Это происходило в Китае, вскоре после нашествия татар. Я называю татарами то полчище разбойников с плоскими носами, которое во главе со своим вождем перескочило в один прекрасный день через великую стену (о! это был поистине прекрасный день!) и ринулось на империю Конфуция, чтобы разодрать ее в клочки; поскольку эти скоты страшно изголодались, обычные ресурсы не могли их удовлетворить. Были введены новые налоги, и введены они были на все решительно. Китаец не мог шагу ступить, слова сказать, даже воды напиться, чтобы не заплатить какую-нибудь подать. Он платил за то, что у него есть голова, глаза, легкие; другими словами, его обложили данью за каждую дверь, за каждое окно. Воздух достиг цены непомерной. Еще один сантим, и только богачи могли бы позволить себе прихоть дышать; воздух стал бы предметом роскоши. Но уже и тогда человек из народа, который едва зарабатывал на пропитание, жилье и одежду, рабочий, обремененный многочисленным семейством, не мог себе этого позволить; у него не хватало денег на то, чтобы дышали его жена и дети. У него был неочищенный рис — это было доступно, — вода и солома; но этого было недостаточно: он нуждался в солнце, он нуждался в воздухе, а солнце и воздух так вздорожали, что он вынужден был обходиться без них.
Что же сделал тогда китаец? Китаец изобретателен: в цивилизации он далеко опередил нас; он знал порох еще в те времена, когда мы убивали друг друга дубиной; он умел печатать, когда мы еще не умели читать. Что же он сделал? Революцию? Увы! Революцию не сделаешь в любой день. Он проявил изобретательность, не выходя из рамок законного порядка. Закон требовал такую-то сумму за каждое окно: он забил окна. Закон занялся табачной торговлей: отныне в семье выкуривали не больше одной трубки; дым передавался изо рта в рот. Закон требовал подати с двери: китаец забил двери и выходил из дому только через трубу. Закон, наконец, взимал налог с человеческой головы, как раньше с головы скота: китайцы стали заживо хоронить себя. Нуждающаяся семья, состоявшая, например, из восьми членов, сокращалась до одного, двух, трех, четырех человек, в зависимости от ее возможностей; остальные прятались под мебелью, в больших чанах, в бочках; а не то приказывали замуровать себя в стену, чтобы стать недвижимыми и избежать таким образом подушной подати. Когда налоговые агенты являлись, чтобы произвести перепись, они бывали вынуждены менять все расчеты и сводить их почти к нулю. К тому же им еще приходилось пролезать через трубу. Это их оскорбляло.
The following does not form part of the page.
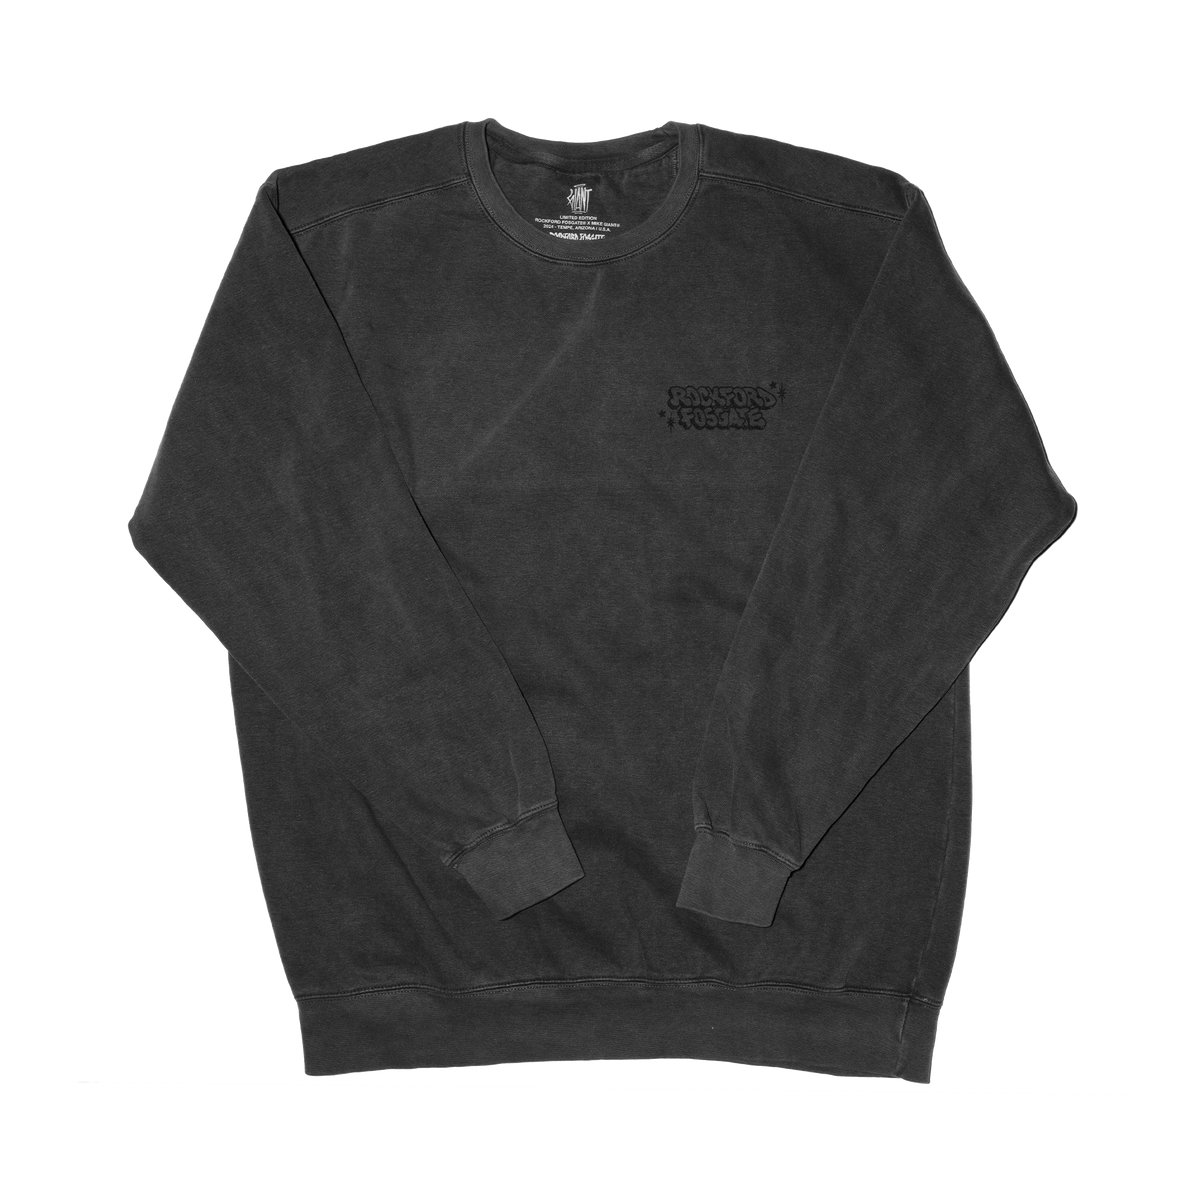 Mike Giant x Rockford Fosgate Sweatshirt: 2XL(POP-GIANTSS-XXL)

Таким образом, китаец перестал платить налоги, но по-прежнему уважал законный порядок и оставался хорошим гражданином и хорошим китайцем.
А к чему привела невозможность взимать налоги?
Этого я не знаю. Дальше мои изыскания не пошли; когда я найду ответ, я немедленно вам сообщу. А пока согласимся в том, что все мы много счастливее китайцев. Ничего подобного мы во Франции не видим. Не правда ли?
«Карикатура», 8 декабря 1831 г.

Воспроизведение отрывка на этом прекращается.